Each template or infobox is defined in its own article, and then referenced in
calls in other articles. Each template call includes a set of named parameters
to the template, which constitutes useful semi-structured data. The columns of
the table are:
-
article_wpid- The article that the template appeared in
(→articles.wpid).
-
id- A unique id for the row (the same template can appear
multiple times in an article).
-
section_id- The section id in which the template appeared
(→sections.id).
-
template_article_name- The name of the template article
referenced (→articles.name).
template_values
The template_values table captures the parameters referenced in all template
calls. The columns are:
-
call_id- The id of the template call in which this value
appears (→template_calls.id).
-
name- The name of the parameter. -
xml- The original xml value.
freebase_wpid
The freebase_wpid table provides a mapping between Wikipedia numeric
article/redirect IDs and
Freebase GUIDs
(Global Unique IDs).
-
guid- The GUID of this article in Freebase. -
wpid- The page_id of this article from the MediaWiki
database.
freebase_names
The freebase_names table provides a mapping between Wikipedia article/redirect
names and Freebase GUIDs.
-
guid- The GUID of this article in Freebase. -
name- The name of a Wikipedia article, or any of its
redirects.
freebase_types
The freebase_types table contains the
Freebase types
of every Wikipedia article in Freebase.
-
guid- The GUID of this article in Freebase. -
type- The Freebase type.
Freebase WEX XML
The Freebase WEX XML is generated by a MediaWiki markup parser written by Magnus Manske, one of the original authors of MediaWiki. It transforms MediaWiki markup into a machine-parsable structure. You can find sample Freebase WEX XML output that has been pretty-print formatted for the article on Abraham Lincoln [wex-sample-abraham-lincoln.xml here]. The tags are described below:
Links
Wikipedia
links
are denoted with the link tag. If the link points to an
external URL, the attribute type='external' is used,
along with an href attribute. If the link points to a Wiki page,
the target is contained within a target tag. If there is
alternative display text, this is contained in a part tag.
An external link:
<link type='external' href='http://www.loc.gov/rr/program/bib/prespoetry/al.html'> Poetry written by Abraham Lincoln</link>
A simple internal link:
<link><target>log cabin</target></link>
An internal link with alternative display text:
<link><target>Perry County, Indiana</target><part>Perry County</part></link>
Synthetic Links
Wikipedia has a general policy of only hyperlinking a subject once per article.

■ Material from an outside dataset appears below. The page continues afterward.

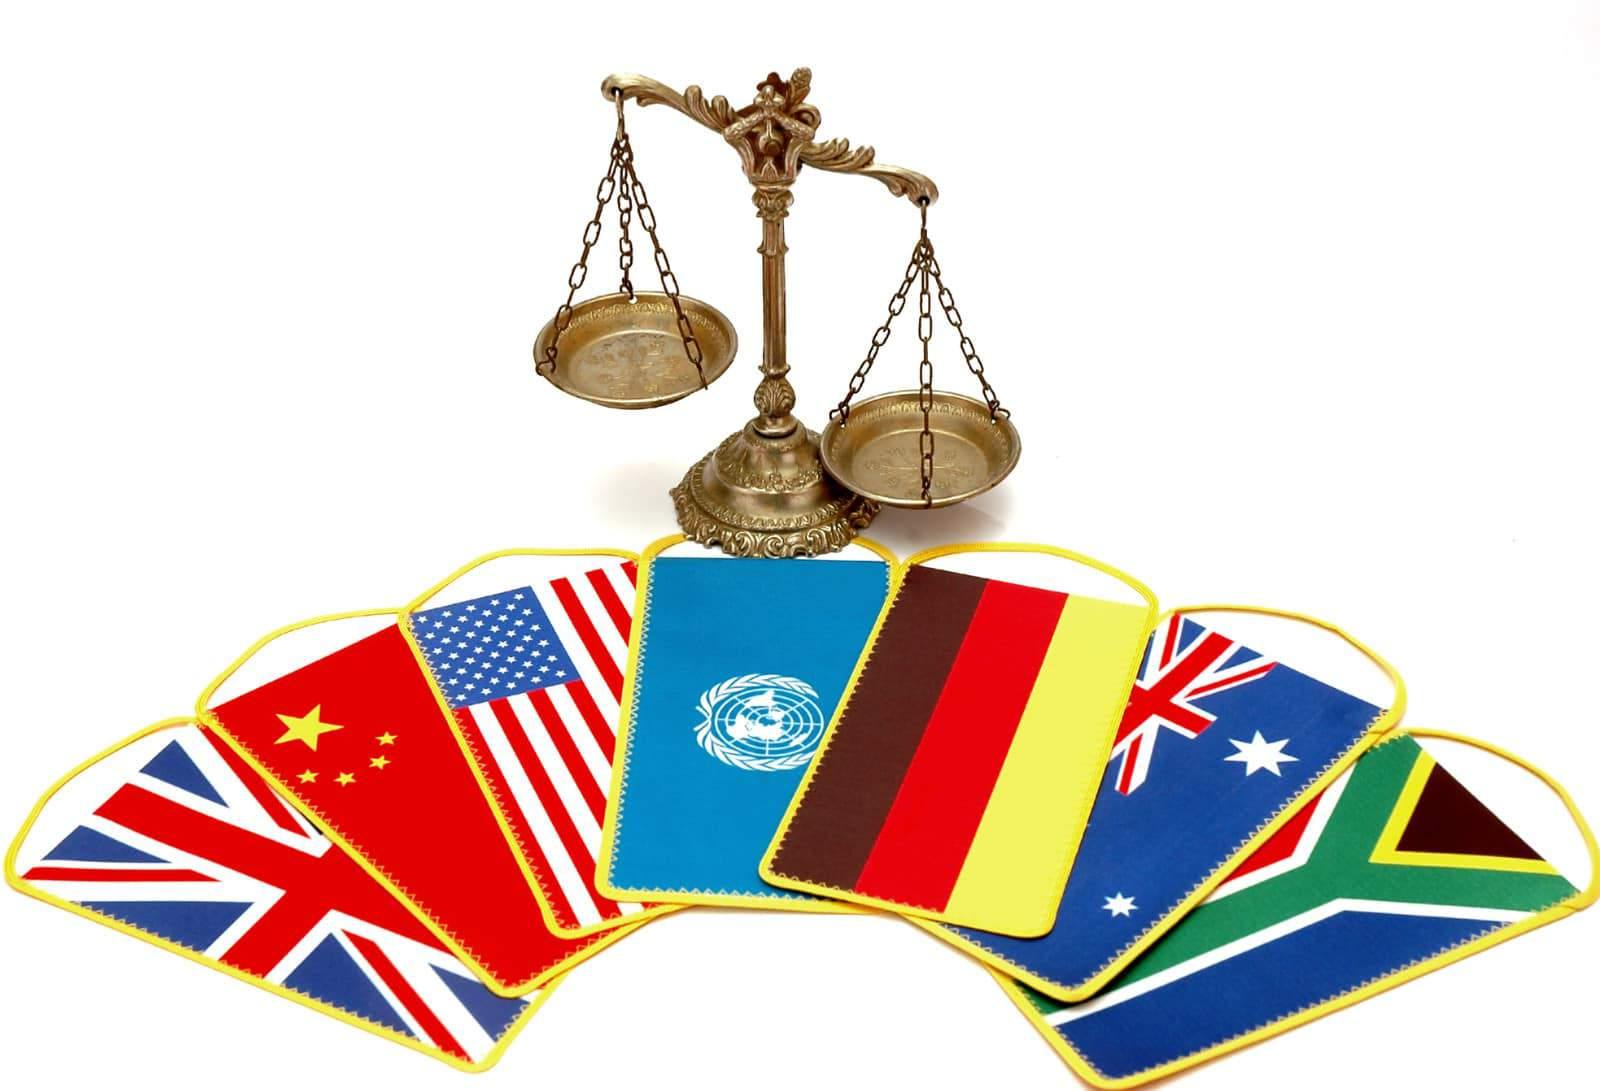 Rich-Vaughn-Blog-International-Law

In order to allow for more complex link analysis, text that appears to correspond
with an existing link has been re-created. The link tags for
these kinds of links have an attribute synthetic="true".
Sentences
A simple sentence algorithm has been applied that marks complete sentences using
the sentence tag.
Images
Wikipedia
images
are an extension of the link tag, where the target is in the
Image: namespace, and image display parameters are passed in as a
series of part tags:
<link> <target>Image:Piatt and DeWitt County Lincoln marker wide.jpg</target> <part>thumb</part> <part>In the 1920s historical markers were placed at the county lines along the route Lincoln traveled in the eight judicial district. This example is on the border of <space/> <link><target>Piatt County, Illinois</target><part>Piatt</part></link> <space/>and<space/> <link><target>DeWitt County, Illinois</target><part>DeWitt counties</part></link> </part> </link>
Headings
Wikipedia
headings
are denoted with the heading tag. The depth is denoted with the
level attribute. This is a level 2 heading:
<heading level='2'>Lincoln 1809 to 1854</heading>
Character Formatting
Bold formatting is denoted with the bold tag. Italics are
denoted with the italics tag. Non-breaking spaces are denoted by
the space tag.
Lists
Lists are denoted with the list tag, and individual items with
the listitem tag. The type attribute on the
list tag indicates the list type: bullet for
bulleted lists, numbered for numbered lists, and
ident for indented blocks. This is a bulleted list:
<list type='bullet'>
<listitem>
Robert Emmet Sherwood;<space/>
<italics>Abe Lincoln in Illinois: A Play in Twelve Scenes</italics>
<space/>(1939)<space/><link type='external'
href='http://www.questia.com/PM.qst?a=o&d=179725'>online version</link><space/>
</listitem>
<listitem>
<link><target>Gore Vidal</target></link>.<space/>
<italics>Lincoln</italics><space/>ISBN 0-375-70876-6, a novel.
</listitem>
</list>
Templates
Wikipedia templates
and
infoboxes
are described using the template tag, with the name of the
template in the name attribute. Parameters are contained within
param tags, with their names in the name attribute.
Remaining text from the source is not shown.